As inflationary pressure grows with the prolonged Middle East war, signals of "rate hikes" are strengthening in major countries around the world. On the 11th, the European Union (EU), on the 16th, Japan, and on the 18th, the Central Banks of the United States will announce their policy rates in turn.
If major countries raise policy rates and tighten liquidity, there are concerns that stock and bond prices could fall together. A similar situation actually unfolded during the Ukraine war in 2022.
◇ June: "shift to currency tightening" likely in the United States, Europe, and Japan
The U.S. Federal Reserve (Fed) will hold the Federal Open Market Committee (FOMC) on the 18th Korea time to set rates. In this meeting, it is highly likely the rate will be kept on hold at 3.75% annually.

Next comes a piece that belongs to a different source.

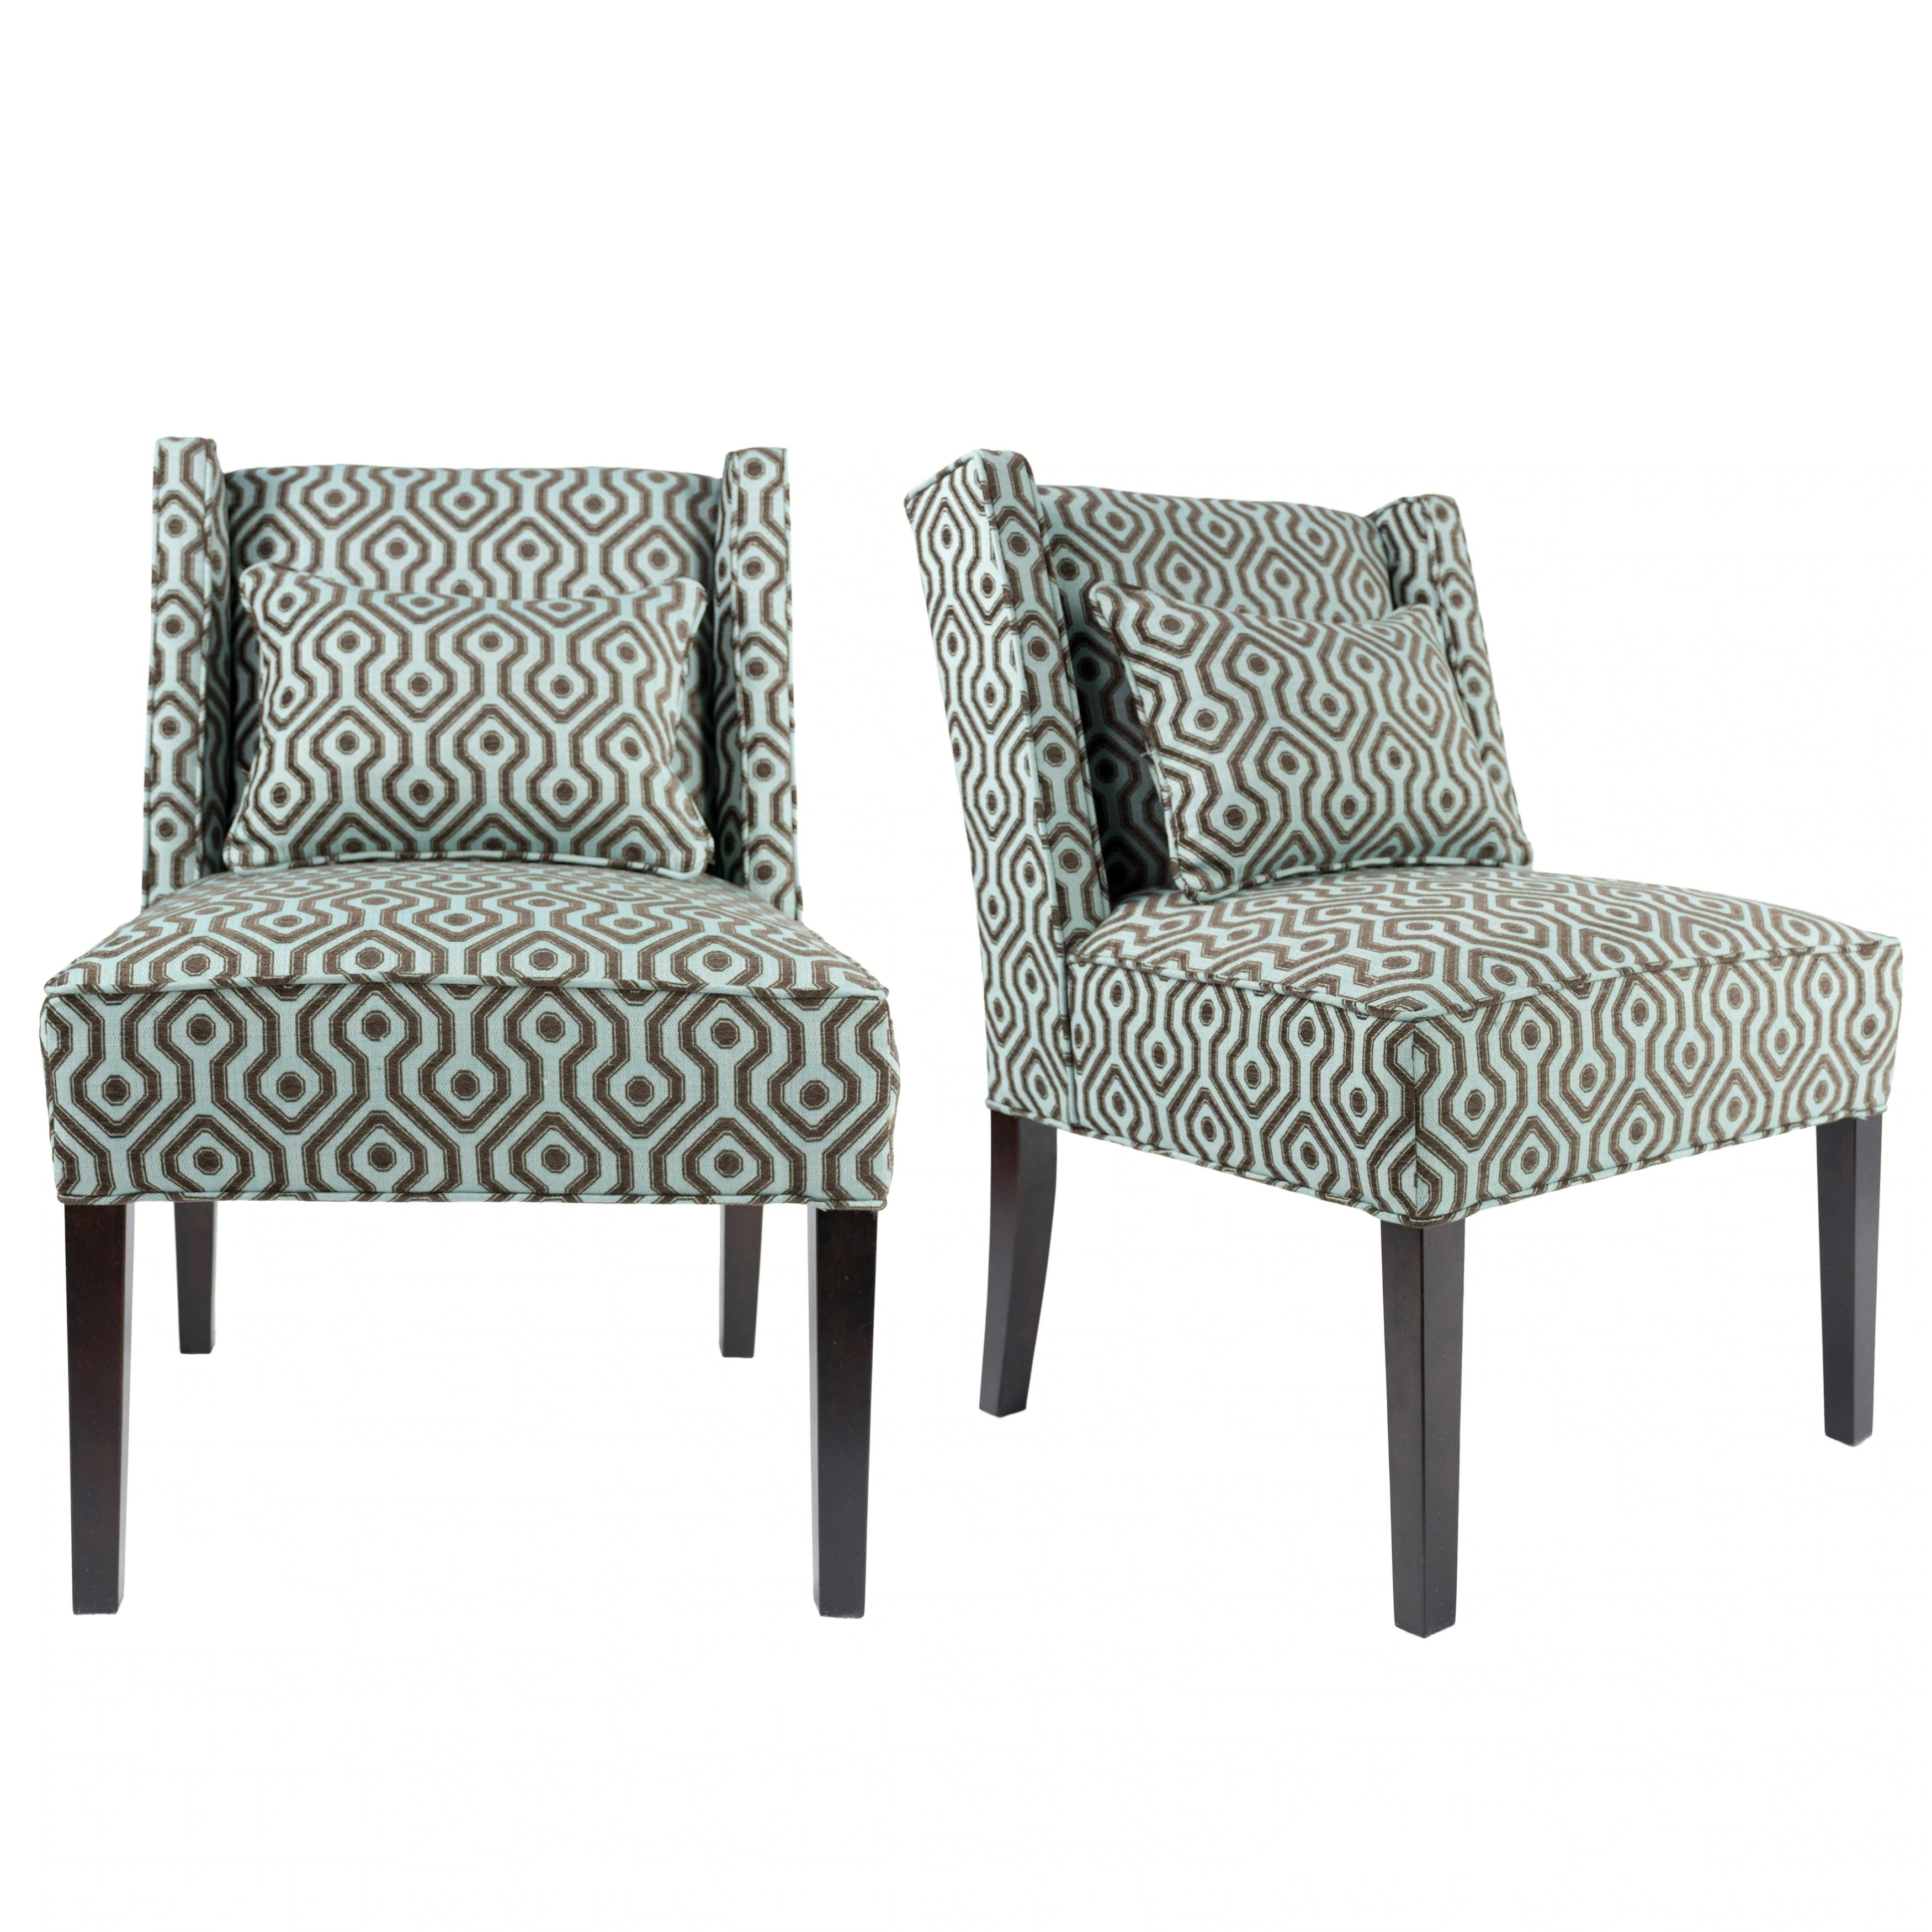 upholstered slipper chair la z boy executive office shop nolani modern fabric bistrole wingback

But markets are focusing more on the message from new Fed Chair Kevin Warsh than the decision itself. If Warsh hints at the need to raise rates, it could be a starting gun signaling a U.S. turn to tightening. Experts say U.S. rates have no choice but to rise given inflation. U.S. consumer prices in April jumped 3.8% from a year earlier, hitting a record high since May 2023.
Similar views are emerging within the FOMC. The "April FOMC minutes" released in late May said, "Many Commissioners emphasized that if inflation consistently exceeds 2%, policy tightening (rate hikes) is likely to become appropriate." There was also a call to delete from the statement any wording that could be interpreted as tilting toward easing (rate cuts).

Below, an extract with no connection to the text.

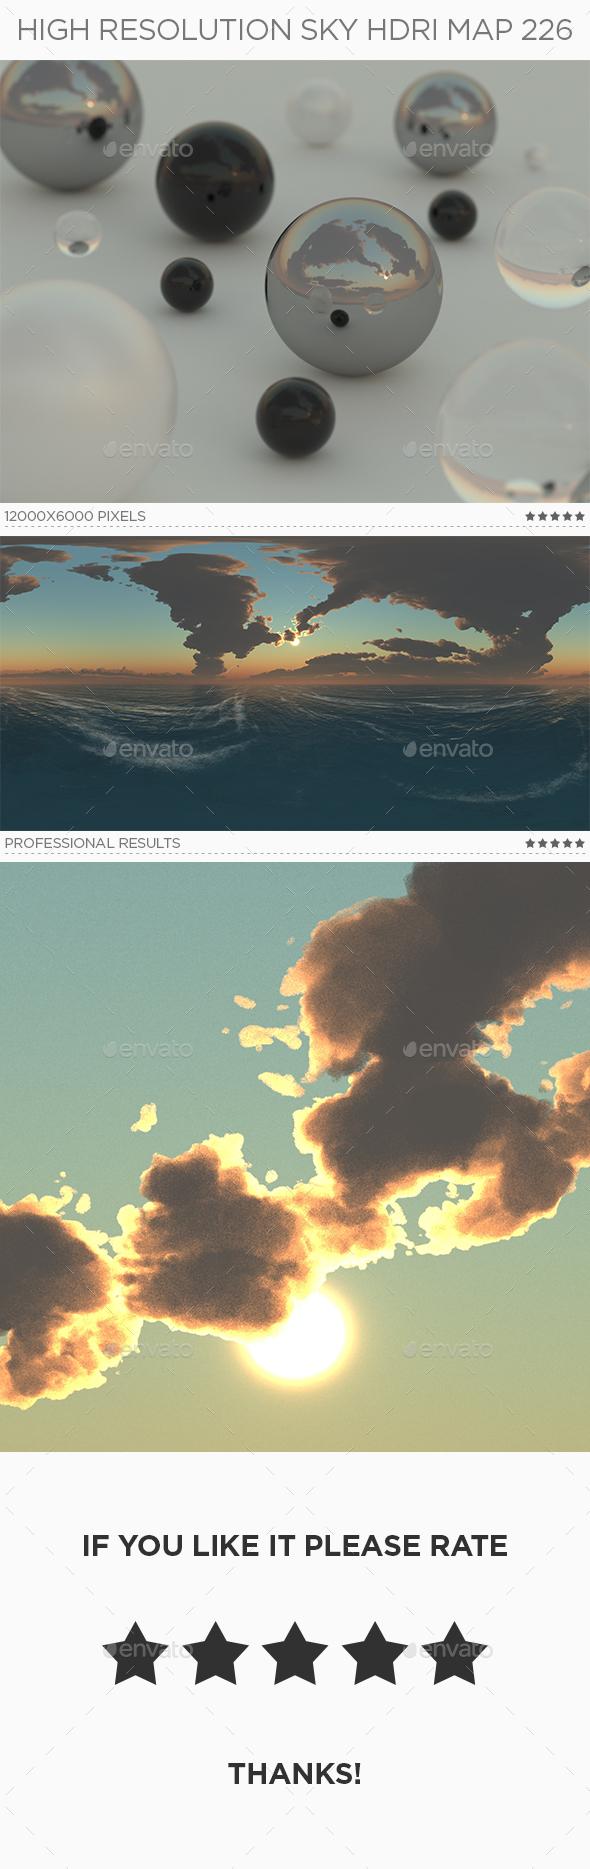 High Resolution Sky HDRi Map 226 - 3DOcean Item for Sale

A European Central Bank rate hike has become a foregone conclusion. That is because eurozone consumer prices in May rose 3.2% from a year earlier, the highest since September 2023. Japan has also signaled liquidity reduction. On the 3rd, Bank of Japan Governor Kazuo Ueda said there needs to be a discussion on "whether it is appropriate to raise rates."
If major economies turn hawkish (favoring currency tightening), the Bank of Korea's rate hike decision could come as early as July. Theoretically, four hikes within the year would be possible. After his first meeting of the the Bank of Korea's monetary policy committee since taking office, Bank of Korea Governor Shin Hyun-song repeatedly emphasized that timing matters in currency policy under current conditions.
◇ Fears of a Ukraine war deja vu with stocks and bonds plunging together
Analysts say that once market currency supply starts being absorbed, both stocks and bonds could weaken. High oil prices burden corporations and weigh on the stock market. At the same time, they push up prices and send bond yields higher (bond prices lower). When the Central Bank raises rates to tame inflation, corporations' investment expense rises, again hurting stock prices.
When prices surged in 2022, the United States raised rates seven times, from 1.7% in March to 4.5% by year-end. Then the yield on the U.S. 10-year Treasury, a bellwether for the Government Bonds market, broke above 4% in November from 1.7% in March. At the same time, the S&P 500 and Nasdaq fell 21% and 26.6% over the same period.
Stocks and bonds move together when external factors such as war stoke inflation. That differs from the past, when the Central Bank raised rates as stock prices climbed and the economy overheated. During war, global oil prices determine the direction of stocks and bonds, analysts say.
The Economist said in April that "the two asset move up and down together," noting, "slower growth hurts stocks, inflation is negative for bonds, and a shortage of oil poses both threats at once."